Monday, September 26

Illegal, Immoral or Fattening

But now I am writing you that you must not associate with anyone who calls himself a brother but is sexually immoral or greedy, an idolater or a slanderer, a drunkard or a swindler. With such a man do not even eat. What business is it of mine to judge those outside the church? Are you not to judge those inside? God will judge those outside. Expel the wicked man from among you. --1st Corinthians 5:11-13

Dr. Laura Schlessinger advises some of her callers that unless someone is participating in something "illegal, immoral or fattening", it's best to just mind one's own business and keep a lip zipped. Recognizing that which is illegal or fattening should be a slam dunk for most people. Defining immoral actions seems to be increasingly problematic for the population at large; even more elusive is the ability of some to take action against such activities. Even Christians are hesitant to speak up and do what it takes to traverse the moral high ground.
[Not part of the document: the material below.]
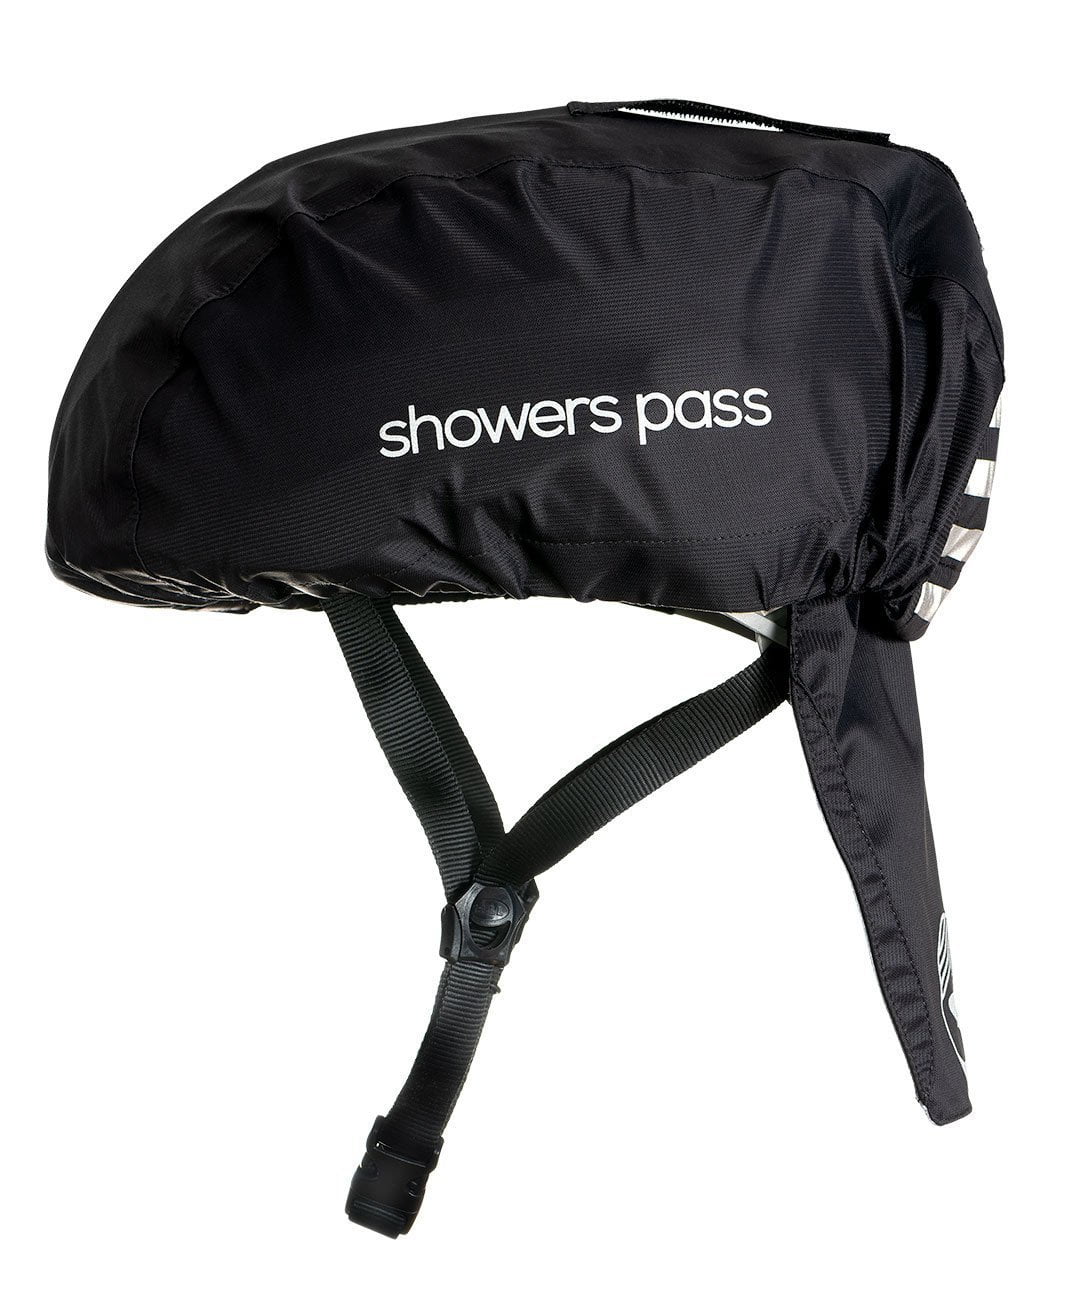 showers pass shoe covers

Fearful of being labeled as an insensitive or self-righteous hypocrite, some Christians will do everything possible to avoid confronting evil. This is especially true when it involves individuals in our own circles. We are tempted to think that we shouldn't judge those who are in the church because they are "our own." We misalign our loyalties, preferring to be "tolerant" of immoral behavior in order to preserve our worldly relationships at the cost of devaluing God's laws and His absolute sovereignty.

Sadly, immoral behavior occurs far too often within the church. This has been happening throughout history and will most likely continue. Because the church is comprised of sinners, there will always be some people who would rather continue to be enslaved by their old nature instead of taking on a new self that comes from a growing relationship with Christ. This type of behavior can be either blatant or subtle in appearance.

Although salvation is a one-time acceptance of the gift of grace and comes through faith and not works, our actions are outward displays of the Holy Spirit's work in us. Just as a tree's fruit gives a measure of the overall health of the tree, the fruit of our actions serves as a barometer of our spiritual health. God demands that a tree bearing bad fruit or no fruit at all be cut off. Even if a tree has been subject to all the right conditions to grow and bear good tasting good, there is no guarantee that the fruit will appear in due season. A discerning farmer knows that it is a waste of time, effort and resources to continue to water such a tree, and he won't just stop there. He will cut it down and plant a new tree in its place in order to make good use of the soil.

Similarly, some people refuse to grow in spiritual maturity. They may attend church all their lives and act in a way that they believe is "moral." However, when compared to the standard set by God's Word, these people fall far short.

Each of us has a responsibility to judge justly (an appropriately) those within the walls of our churches who call themselves our Christian brothers. If a tree is bearing bad fruit, we are obligated to take the actions required to get rid of that tree before it has an opportunity to weaken or otherwise threaten the health and stability of those around it. The longer we refuse to confront immorality, greed, idolatry and slander in the church, the easier it becomes for such behavior to be deemed acceptable.